PS: If you read the HashMap source code carefully, you can find the following line in the structural modification method:
++modCount;
This value is used to record the number of structural changes.
case 2:
Both threads T1 and T2 perform put /Structural changes such as remove (structural modification). Using the PUT method as an example, occursElement override.
Sample code:
private static void test(a) throws InterruptedException {
Map<Integer, Integer> map = new HashMap<>();
Thread t1 = new Thread(() -> {
for (int i = 0; i < 5000; i++) {
map.put(i, i);
}
});
Thread t2 = new Thread(() -> {
for (int i = 5000; i < 10000; i++) {
map.put(i, i);
}
});
t1.start();
t2.start();
TimeUnit.SECONDS.sleep(20);
System.out.println(map);
System.out.println("size: " + map.size());
}
// Output result:
// {8192=8192, 8193=8193, 8194=8194, 8195=8195,...
// size: 9666
// PS: This is the result of a single test. The specific result of multiple tests may be different, but basically there is no case where size=10000.

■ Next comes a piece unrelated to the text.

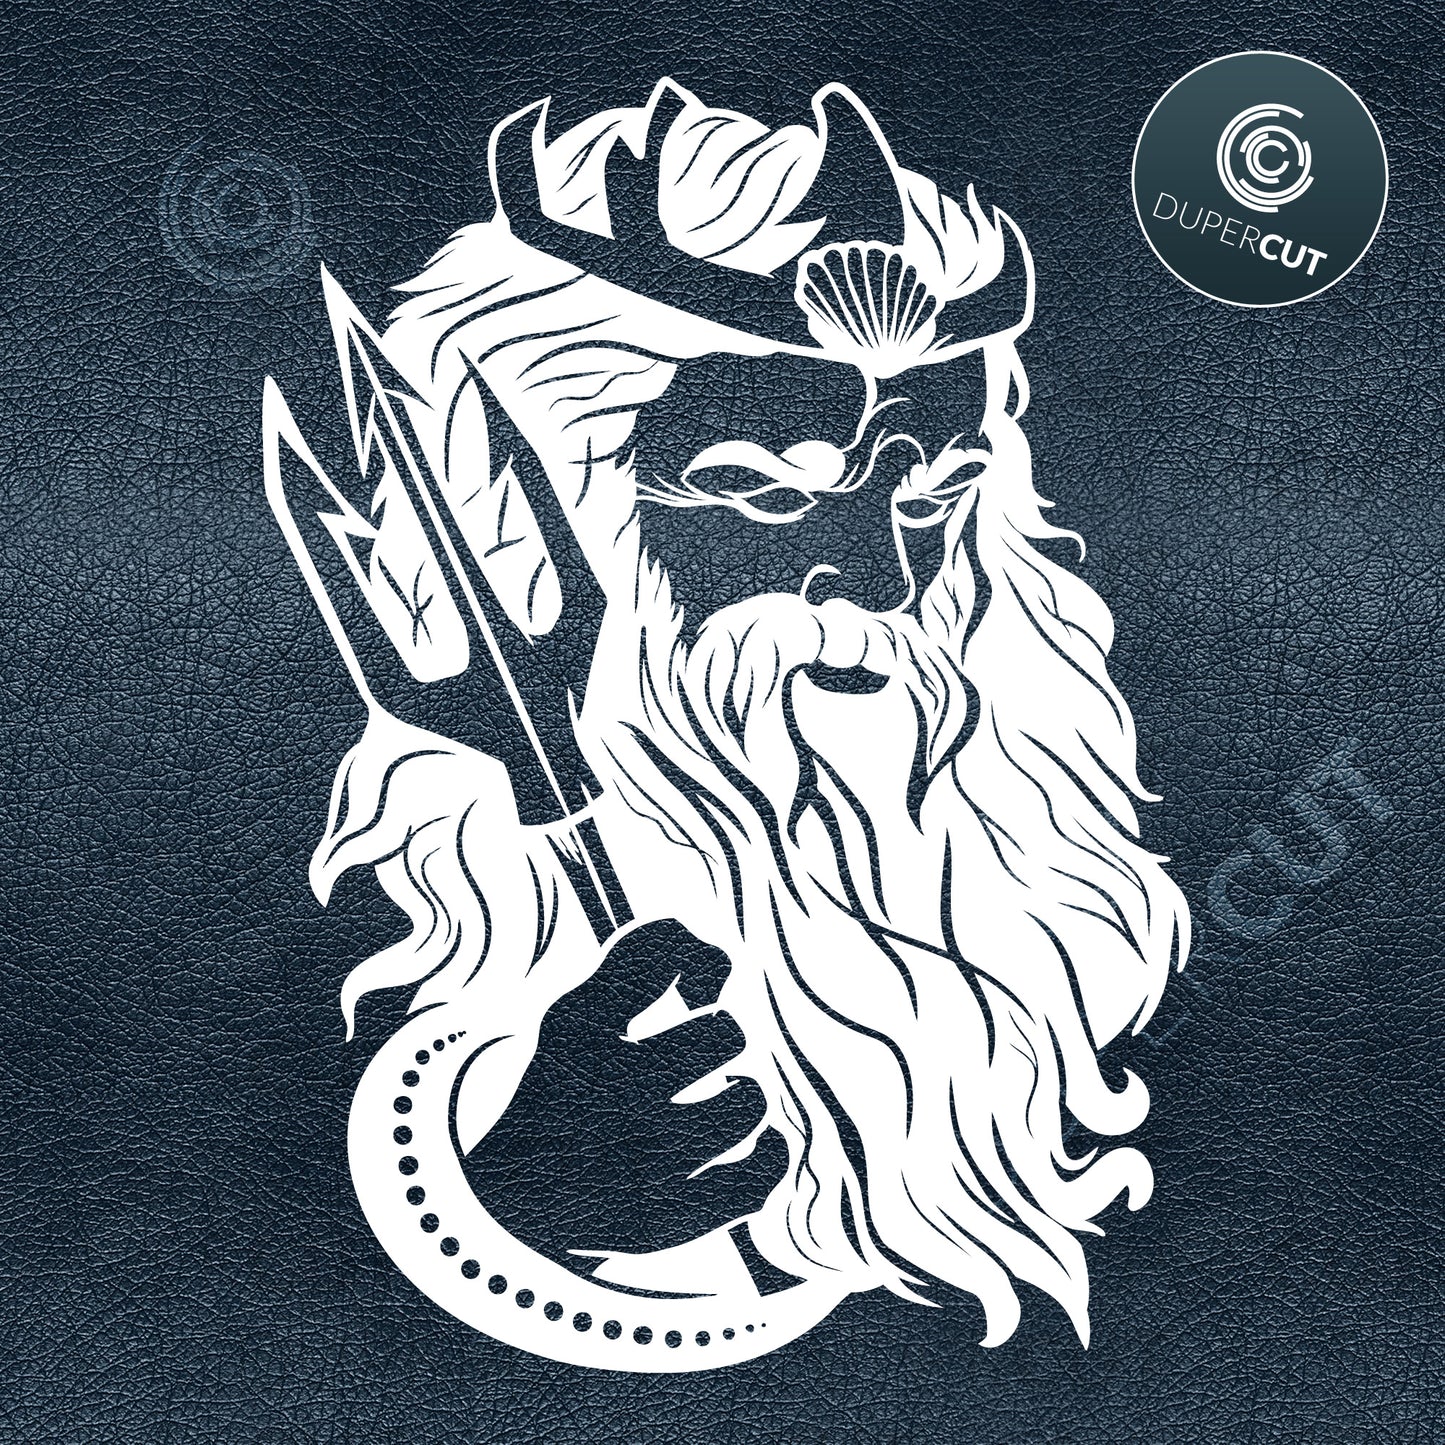 Poseidon/Neptune god illustration. SVG JPEG DXF files. Template for paper cutting, laser, print on demand. For use with Cricut, Glowforge, Silhouette Cameo, CNC machines. Personal or commercial license.

The problem here is with the put methodAnalysis of HashMapThe internal implementation of the PUT method explains why, but I won’t go over it here.
The purpose of HashMap is to be efficient in a single thread. The purpose of understanding thread insecurity is to understand when it is not appropriate to use it. ConcurrentHashMap can be used if thread safety is required.

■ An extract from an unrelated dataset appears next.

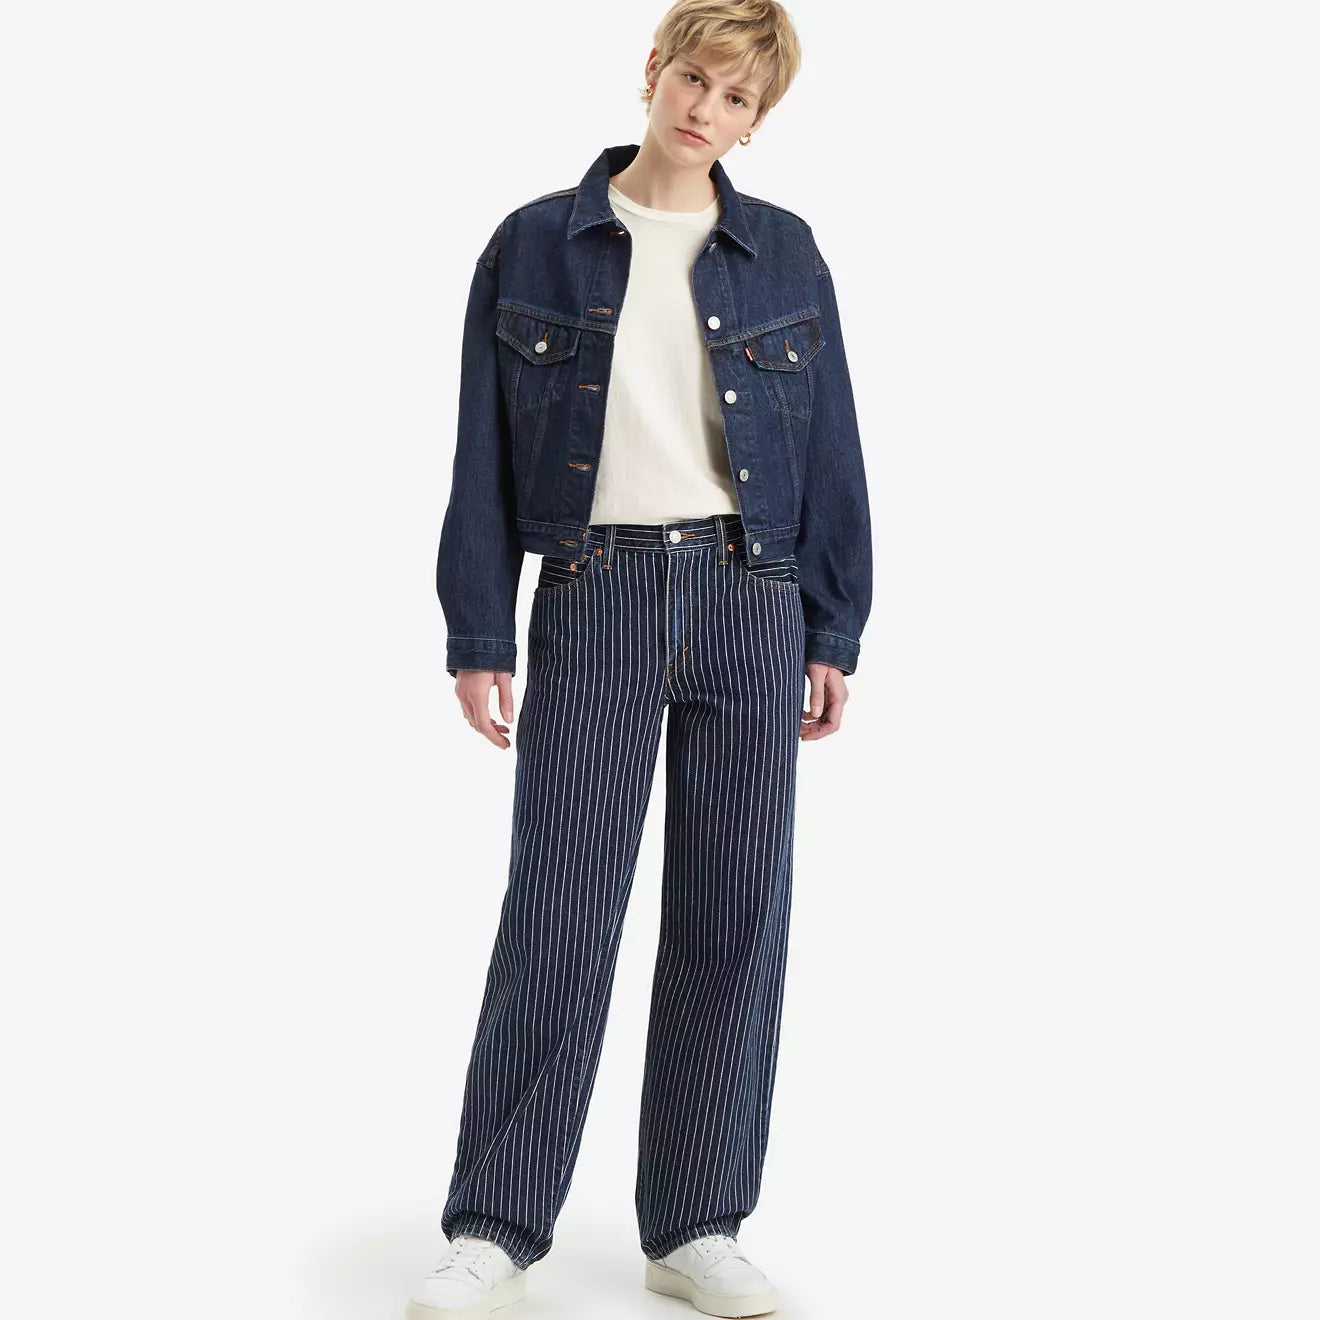 Levi's Baggy Dad Partly Masked "Pinstripe"

Q2: Why are the conversion thresholds for linked lists and red-black trees 8 and 6?
Let’s first analyze why we have linked lists and red black trees. Ideally, there is only one node for each bin location in the HashMap, so that the query efficiency is the highestO(1). Pulling out a list, or turning the list back into a red-black tree, is a response to high hash conflicts in order to keep HashMap efficient in extreme cases.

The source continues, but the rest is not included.